Thierry Etchegoyhen, David Ponce, Harritxu Gete, Victor Ruiz


Abstract
Adaptive Machine Translation purports to dynamically include user feedback to improve translation quality. In a post-editing scenario, user corrections of machine translation output are thus continuously incorporated into translation models, reducing or eliminating repetitive error editing and increasing the usefulness of automated translation. In neural machine translation, this goal may be achieved via online learning approaches, where network parameters are updated based on each new sample. This type of adaptation typically requires higher learning rates, which can affect the quality of the models over time.
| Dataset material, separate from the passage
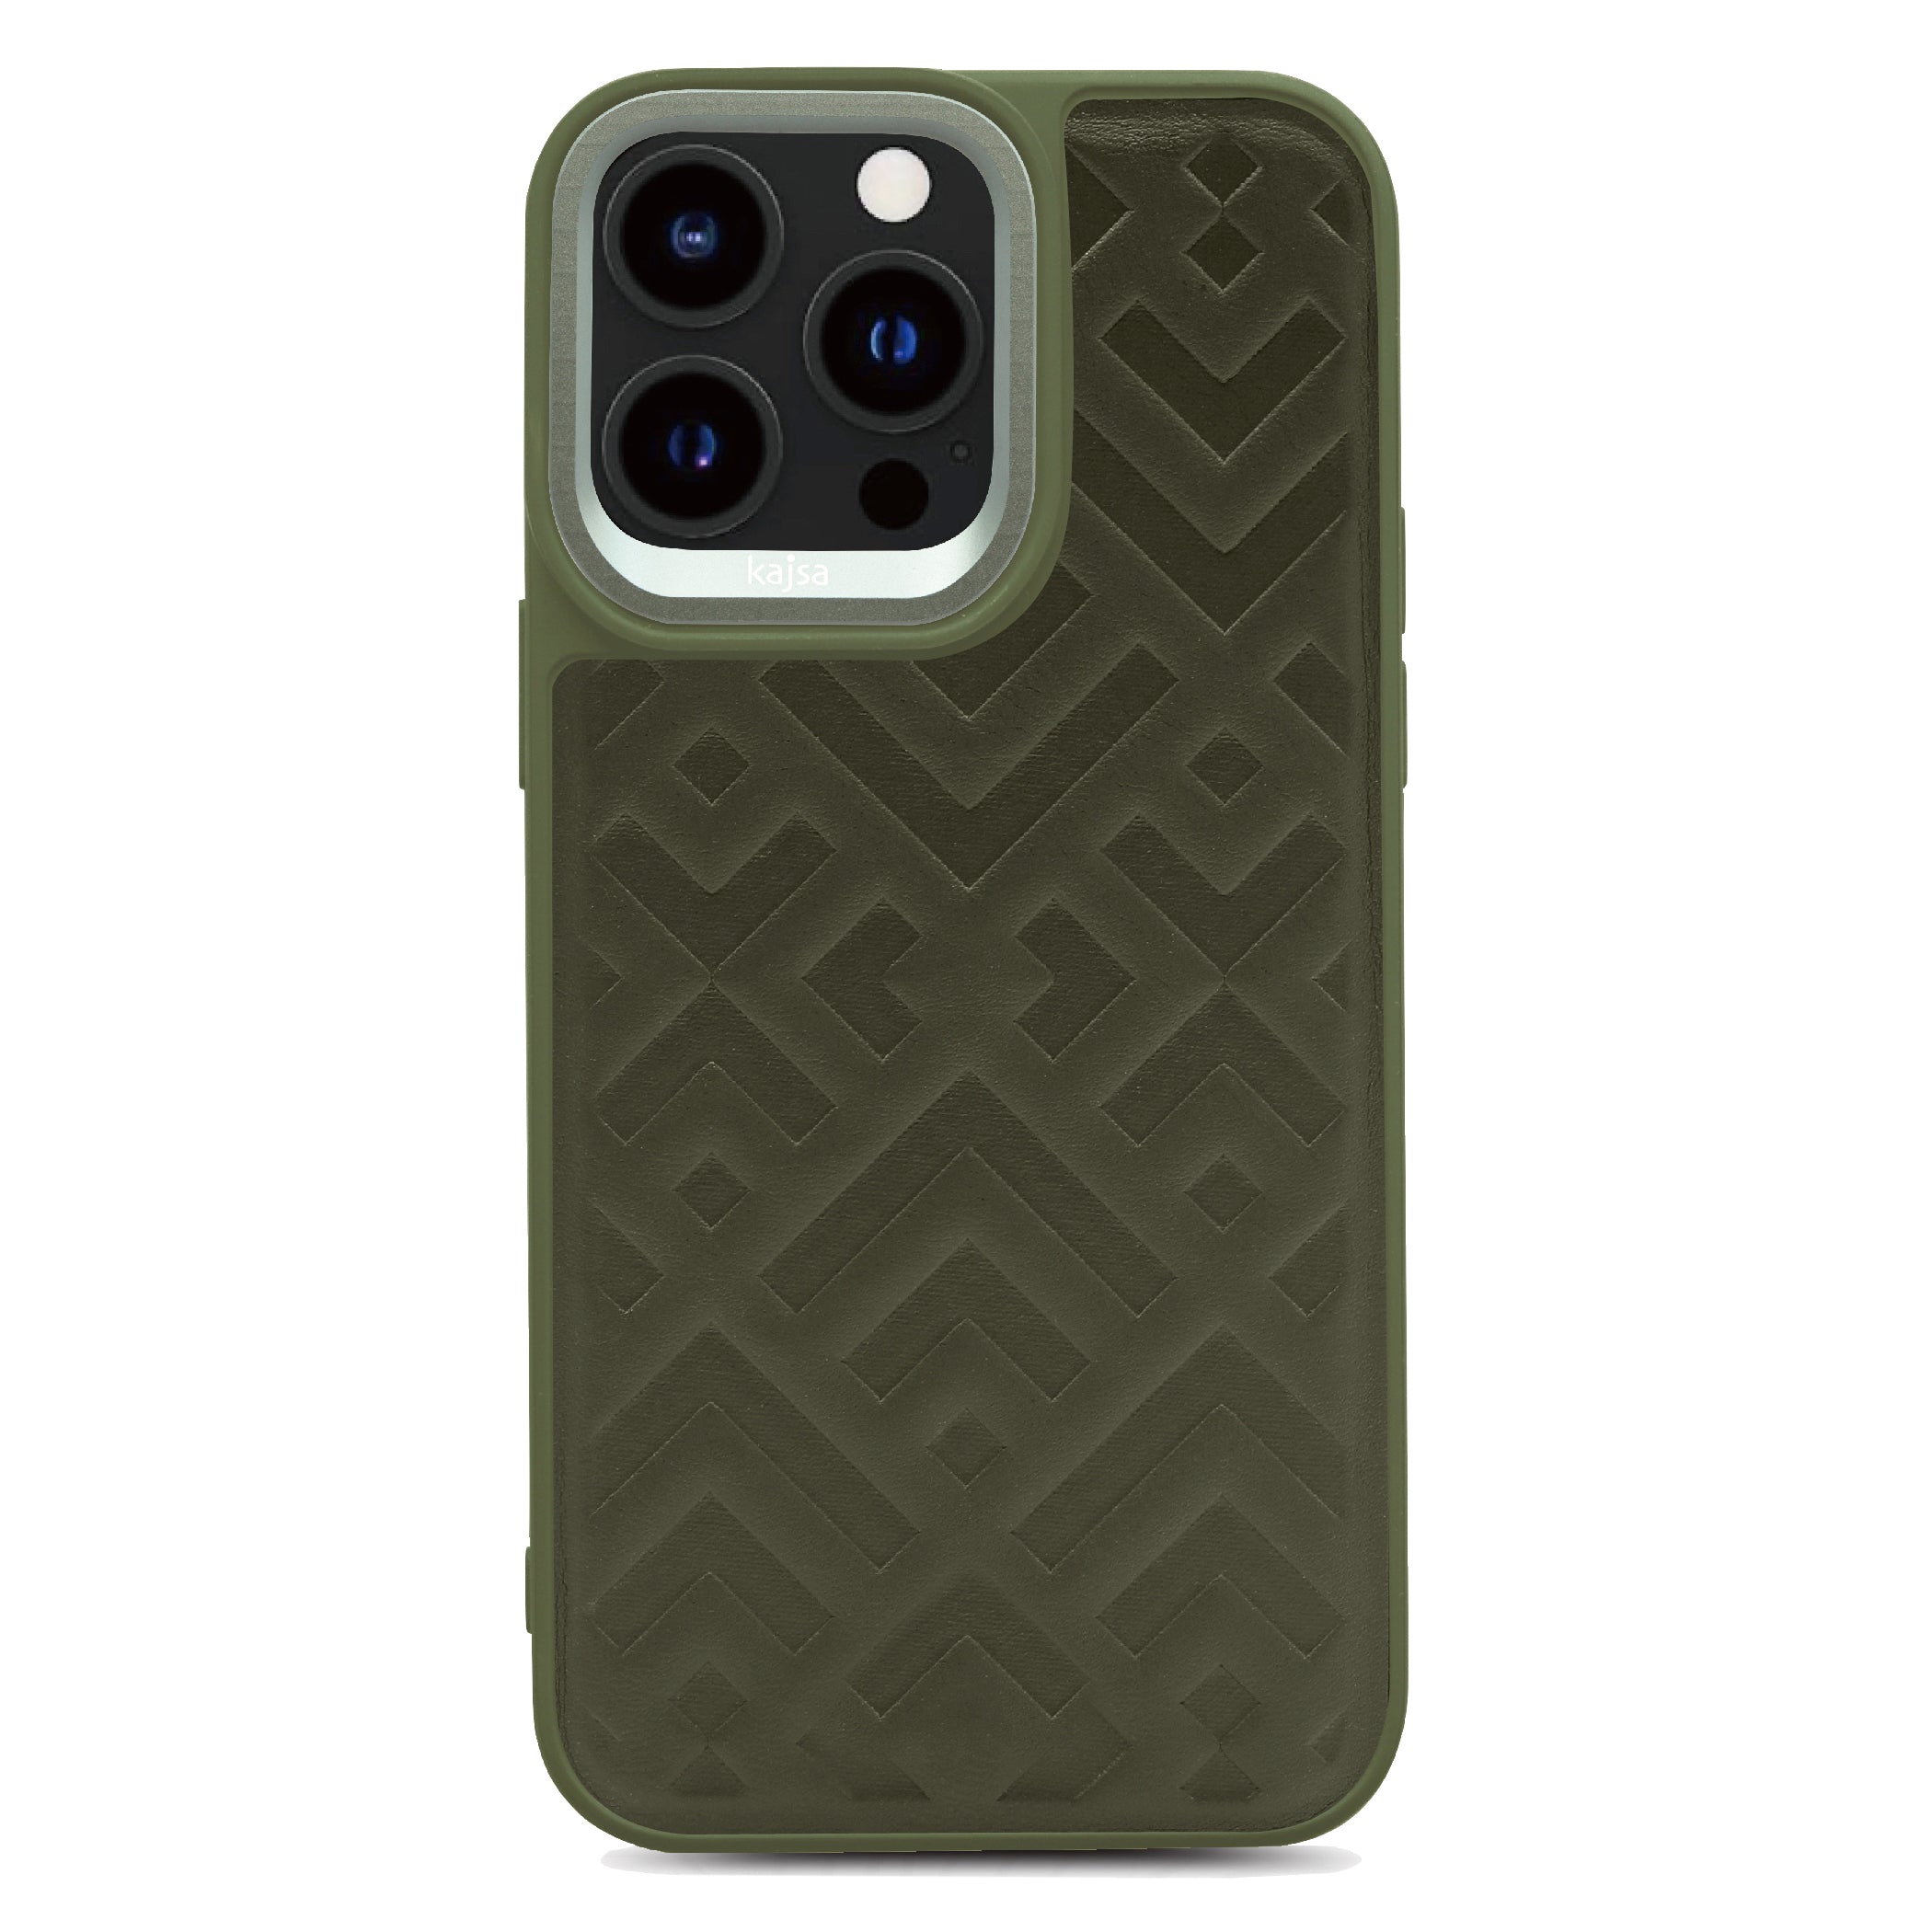 Briquette Collection - Rhombus Back Case for iPhone 14-Phone Case- phone case - phone cases- phone cover- iphone cover- iphone case- iphone cases- leather case- leather cases- DIYCASE - custom case - leather cover - hand strap case - croco pattern case - snake pattern case - carbon fiber phone case - phone case brand - unique phone case - high quality - phone case brand - protective case - buy phone case hong kong - online buy phone case - iphone‎手機殼 - 客製化手機殼 - samsung ‎手機殼 - 香港手機殼 - 買電話殼

Alternatively, less aggressive online learning setups may preserve model stability, at the cost of reduced adaptation to user-generated corrections. In this work, we evaluate different online learning configurations over time, measuring their impact on user-generated samples, as well as separate in-domain and out-of-domain datasets. Results in two different domains indicate that mixed approaches combining online learning with periodic batch fine-tuning might be needed to balance the benefits of online learning with model stability.
Anthology ID:
2021.ranlp-1.47
Volume:
Proceedings of the International Conference on Recent Advances in Natural Language Processing (RANLP 2021)
Month:
September
Year:
2021
Address:
Held Online
Editors:
Ruslan Mitkov, Galia Angelova
Venue:
RANLP
SIG:
Publisher:
INCOMA Ltd.
Note:
Pages:
411–420
Language:
URL:
https://aclanthology.org/2021.ranlp-1.47
DOI:
Bibkey:
Cite (ACL):
Thierry Etchegoyhen, David Ponce, Harritxu Gete, and Victor Ruiz. 2021. Online Learning over Time in Adaptive Neural Machine Translation. In Proceedings of the International Conference on Recent Advances in Natural Language Processing (RANLP 2021), pages 411–420, Held Online. INCOMA Ltd..
Cite (Informal):
Online Learning over Time in Adaptive Neural Machine Translation (Etchegoyhen et al., RANLP 2021)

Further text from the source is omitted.